It is important to understand the theoretic basis for this potential interaction. ACE not only converts angiotensin I to angiotensin II, but it is also responsible for the degradation of kinins. Thus, the inhibition of ACE increases bradykinin levels. Bradykinin, a potent vasodilator on its own, activates vascular endothelial B2-kinin receptors, which promote the formation of vasodilatory prostaglandins through the action of phospholipase-A2 and cyclooxygenase (COX).23 Accordingly, drugs that inhibit endothelial COX, such as aspirin, may reduce the synthesis of vasodilatory prostaglandins. Accordingly, the inhibition of COX may reduce the efficacy of ACE inhibition, if this pathway is of importance. Indeed, although it is also a matter of controversy, there is some indirect evidence that this is the case. Thus, the clinical benefits of ACE inhibition persist despite the fact that angiotensin II levels may return to pretreatment levels.4 These findings suggest that mechanisms other than the inhibition of angiotensin II formation (ie, increased levels of bradykinin and vasodilatory prostaglandins) are at least in part responsible for the effects of ACE inhibitors. Similarly, the lack of superiority of angiotensin II receptor type 1 blockade compared to ACE inhibition in patients with CHF,5 despite the more complete inhibition of the angiotensin II-transmitted effects, suggests that additional mechanisms are responsible for the effects of ACE inhibitors. Furthermore, experimental data suggest that the positive effects of ACE inhibition on postmyocardial remodeling are mediated by bradykinin,67 although the data in this regard are not consistent.8 Cardioprotection against free radicals by ACE inhibition depends on the activation of bradykinin type 2 receptors and prostaglandin synthesis.9 In humans, several hemodynamic studies showed that the inhibition of endothelial COX by nonsteroidal antirheumatic drugs may result in a substantial reduction of the effects of ACE inhibition.10 Also, the antihypertensive potential of ACE inhibitors was found to be reduced with concomitant use of nonsteroidal antirheumatic drugs.11 However, for obvious reasons, the issue of whether long-term endothelial COX inhibition is prognostically harmful in patients with cardiovascular diseases has never been prospectively evaluated.

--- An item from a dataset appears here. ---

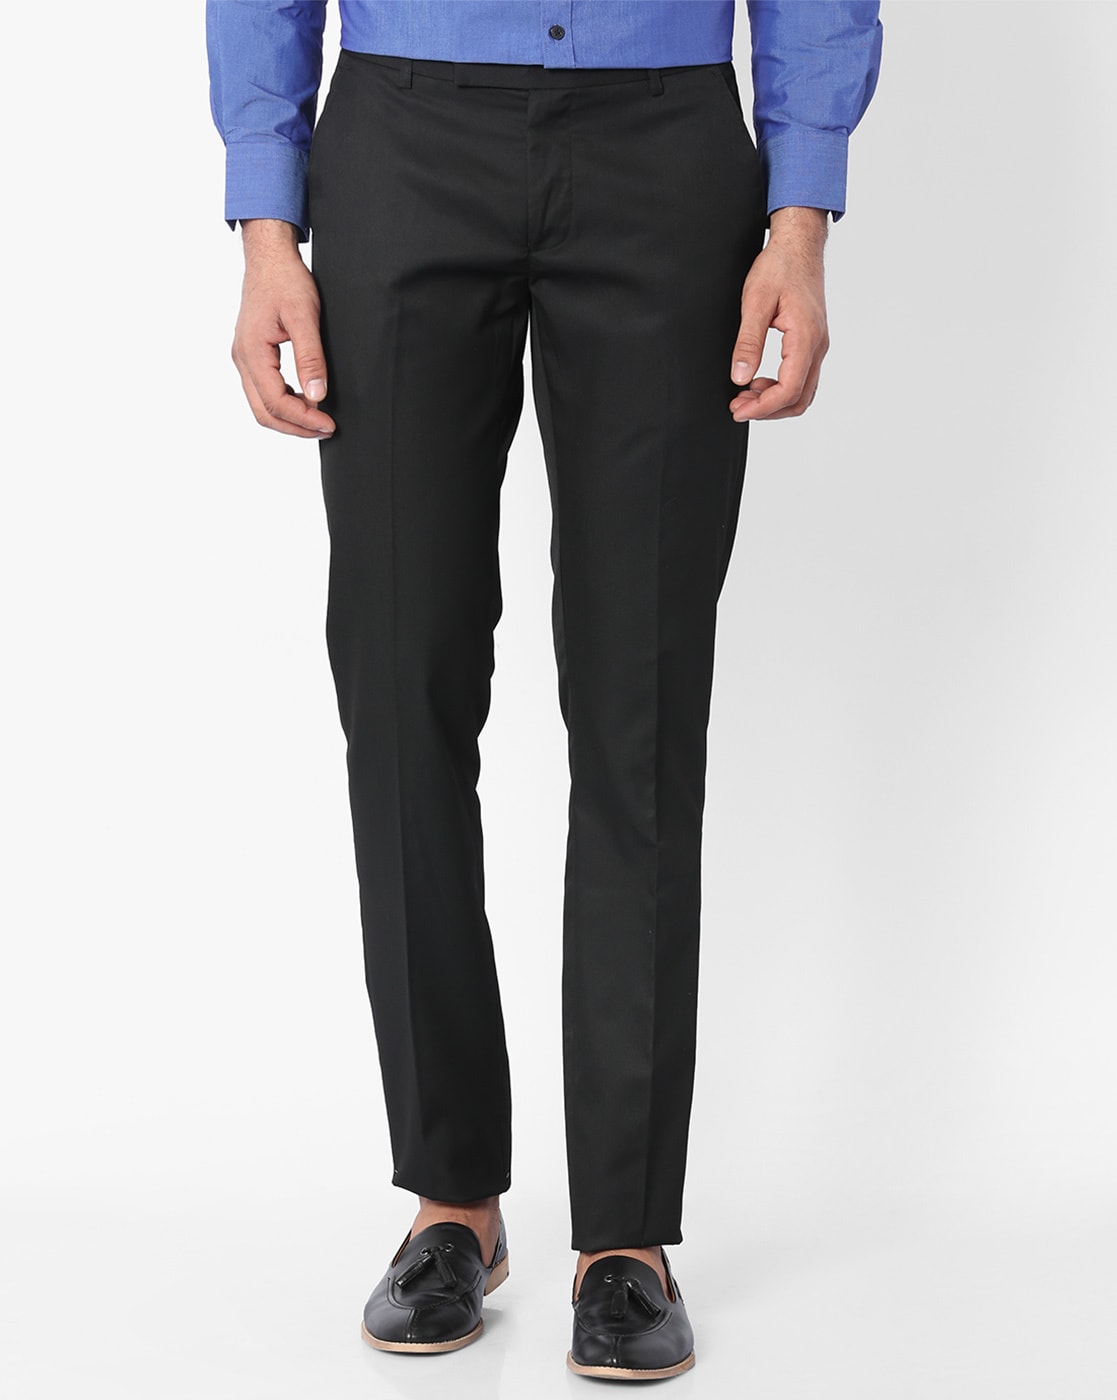 Buy VETEMENTS men black sweatpants with logo for $750 online on SV77,  UE63SP115B/1302

There are, however, also reasons for a positive rather than negative interaction between ACE inhibition and aspirin. Thus, angiotensin II may exert its vasoconstrictive effect in part via the COX product thromboxane-A2.12 Opposing the production of angiotensin II by ACE inhibition may result in vasodilation, in part by the attenuation of thromboxane-A2 production. Since aspirin inhibits COX and thereby thromboxane A2 production, the two agents may act synergistically. Furthermore, bradykinin has been described as enhancing the release of norepinephrine by sympathetic nerve endings.13 This may be particularly important in the heart since cardiac sympathetic activation is related both to the progression of CHF and to sudden cardiac death.14 Whether this is a direct effect of bradykinin receptor stimulation or it is mediated by prostaglandins is unknown. Still, it may be hypothesized that the increase in bradykinin is detrimental in CHF patients and that aspirin may inhibit this potentially negative effect of ACE inhibition. Taken together, these considerations suggest that even if an interaction between ACE inhibition and aspirin exists, such an interaction may be both negative and positive.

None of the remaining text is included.